Today's News & Commentary — September 17, 2015

Published September 17th, 2015 -  - 09.17.152


Two days after Governor Scott Walker announced his proposals to eliminate the NLRB and establish right-to-work nationwide, Democrats introduced their own bill yesterday, called the Workplace Action for a Growing Economy (WAGE) Act.  As Lydia DePillis reports in the Washington Post, the Act “adds hefty monetary penalties for violations of workers’ rights to collectively organize”; “provides for injunctions to force employers to quickly re-hire workers if they were fired unjustly”; and “allows workers to sue in federal court for damages and attorneys fees.”  The bill, developed with the AFL-CIO, seeks to address the union frustration with a system in which employers face little to no repercussions for intimidating or retaliating against workers who try to organize.  It has been almost 60 years since the National Labor Relations Act was amended, and the last attempt in 2009—the Employee Free Choice Act—was narrowly defeated.  Our own Professor Sachs suggests the WAGE Act may draw a larger base of support than the 2009 EFCA, since it is “about workers, not about unions.”  Nevertheless, the odds may be stacked against reform, and DePillis considers this bill’s passage an “improbable challenge.”

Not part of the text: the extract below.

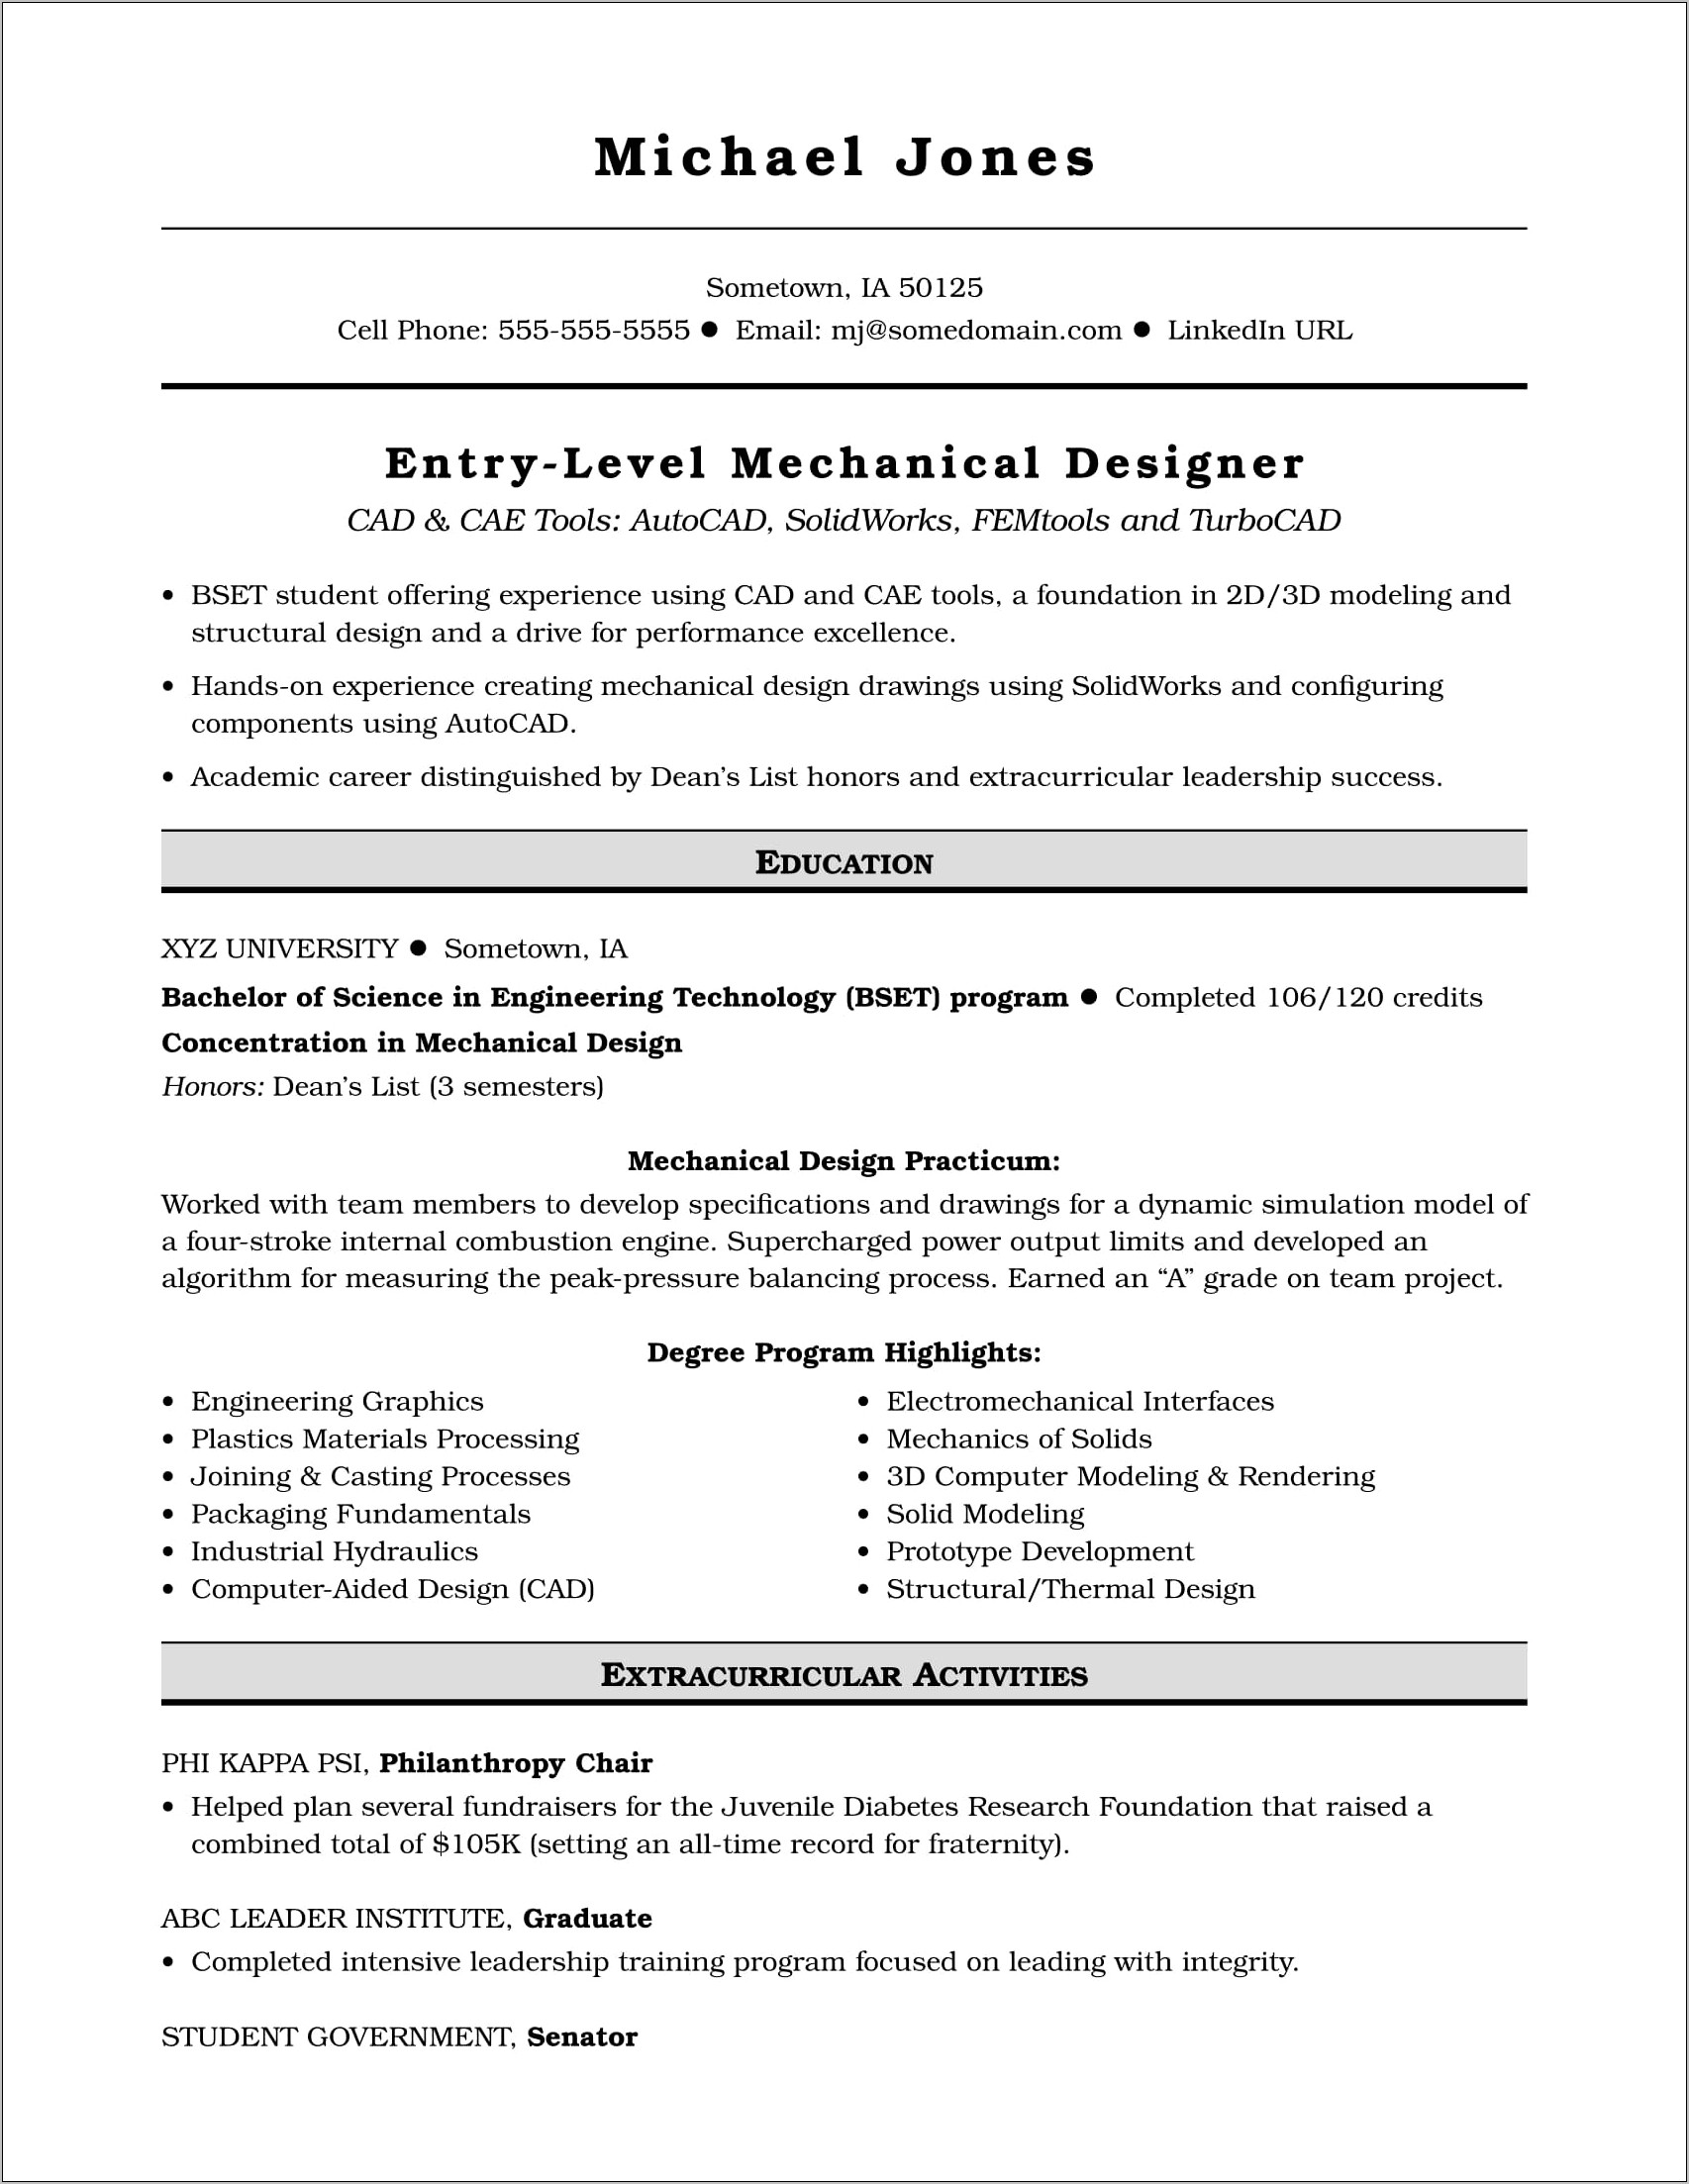 Sample Resume Format For Mechanical Design Engineer

Missouri’s right-to-work bill failed in the legislature yesterday, keeping Missouri from becoming the 26th right-to-work state, according to the New York Times.  Republicans in the House were unable to override Governor Jay Nixon’s veto in a 96-63 vote keeping them 13 votes shy of the requisite two-thirds majority.  Governor Nixon called the legislature’s vote “bipartisan” and “a victory for workers, families and businesses here in Missouri and across the country.”

On Tuesday, 203 professors from 88 business schools nationwide signed and submitted a letter to Congress in support of the Family Act, Bloomberg reports.  The Family Act, which would provide partially paid time off for employees caring for a new baby or sick family member, hasn’t been gaining much ground in Congress, despite President Obama’s recent comments supporting the bill, and a few companies coming out to support it, including Patagonia, Eileen Fisher, and Google.  The professors explain their support for the bill, writing: “Sound business practices, data from other countries, our own research with employers, employees and organizations, and our experiences teaching the business leaders of tomorrow compel our conclusion.”  According to the Huffington Post, one group stands in staunch opposition: business lobbyists.

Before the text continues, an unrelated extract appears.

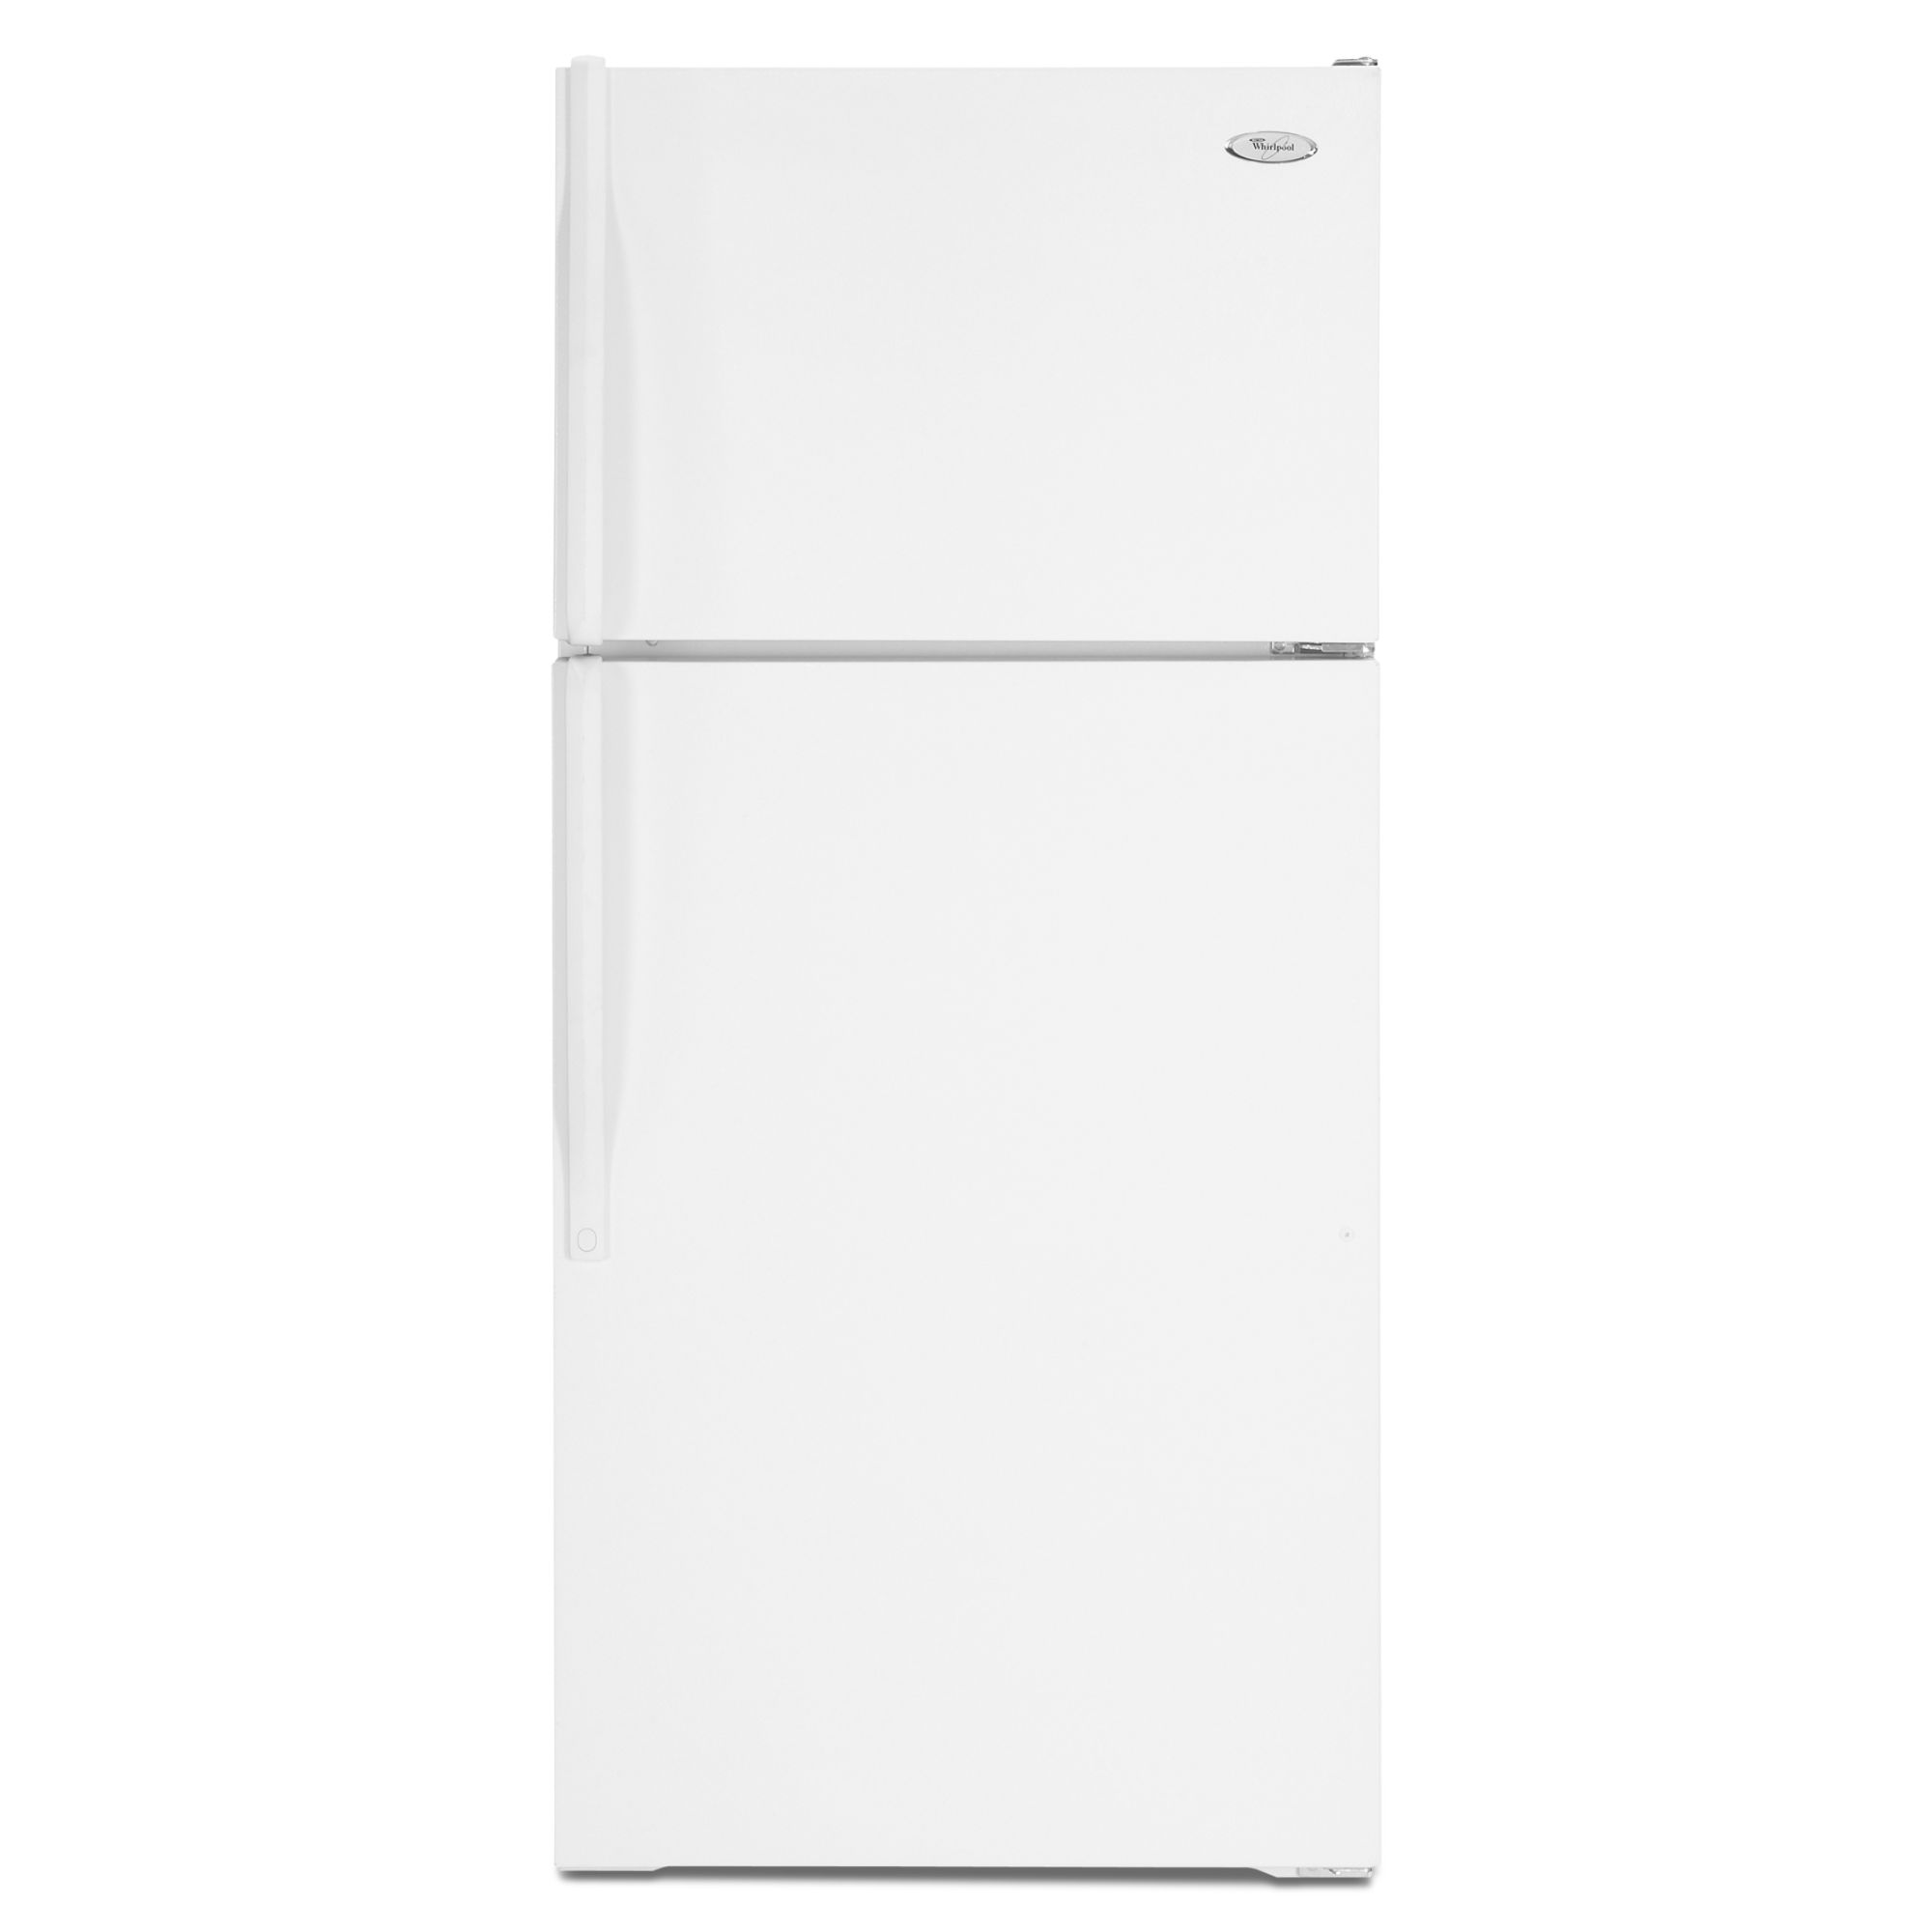 Whirlpool 14.6 cu. ft. Top-Freezer Refrigerator - White

Even without the Family Act, tech companies are choosing to provide paid parental leave for their employees, and TIME Magazine discusses why that might be.  As the tech company workforce ages, the typical tech startup perks—free meals, games, nap pods, etc.—no longer seem as appealing as paid leave.  Now, some startups are skipping the games altogether.  For example, Cover, an app company in New York, doesn’t have ping-pong, but it does offer three months of paid parental leave, followed by a $1,000 per month stipend for those parents when they return to the company.  As small and large companies alike establish these policies, seeking to retain workers as well as increase diversity, the question will be whether they can actually establish a culture in which their employees will take advantage of the policies.

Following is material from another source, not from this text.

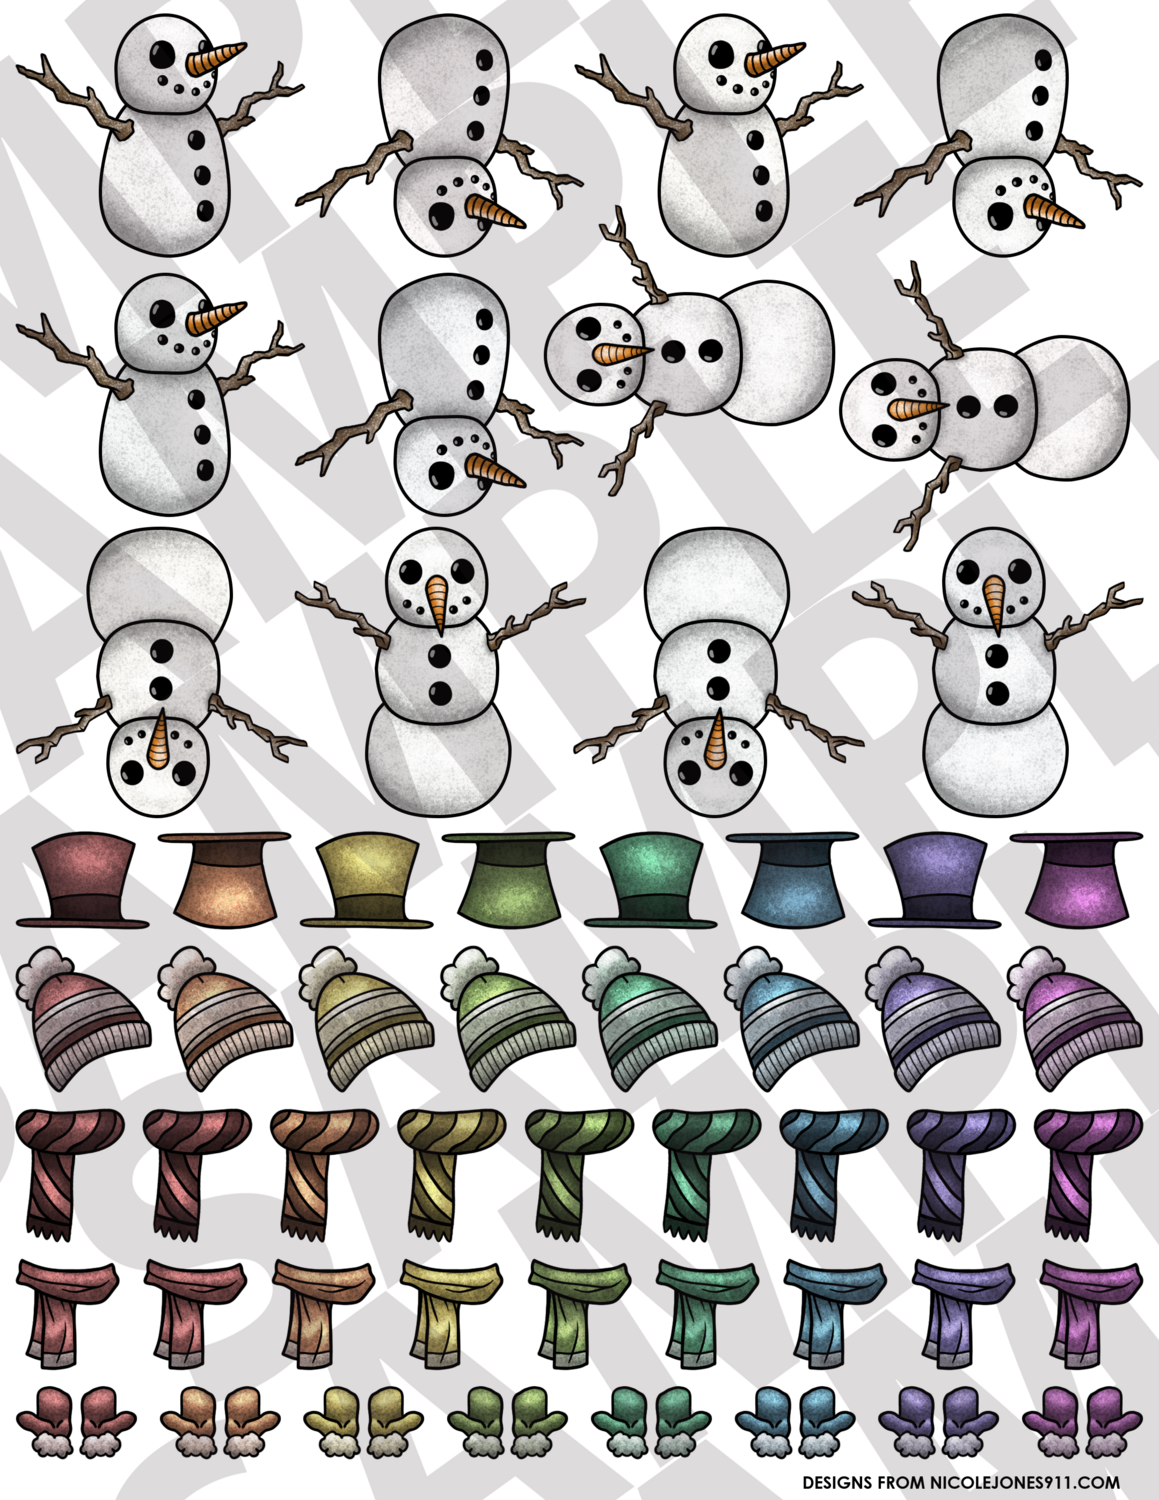 Season Spices - Build-a-Snowman

A group of Target pharmacy employees in Brooklyn voted to unionize yesterday, The Wall Street Journal reports.  The NLRB allowed the workers to vote; Target opposed, in light of its pending sale of its pharmacy division to CVS Health.  The pharmacy employees decided to seek union representation when they learned of the CVS sale, afraid of losing their jobs or seeing a decrease in wages.  This is the third time in Target’s history that workers have voted on joining a union, but the first time the vote has come out in favor of unionizing.  Target plans to appeal the NLRB’s decision to allow the vote.

In other Target news, according to Bloomberg, Target is offering Fitbit Zips to 335,000 of its employees.  This makes Target the most recent and largest of Fitbit’s corporate clients, who turn to Fitbit seeking to improve workers’ fitness and reduce healthcare costs.  According to Fitbit CEO James Park, corporate services are one of Fitbit’s fastest-growing areas.  Fitbit offers employers a dashboard where they can view employees’ activity data, including steps taken in a day, and employers often organize competitions for employees.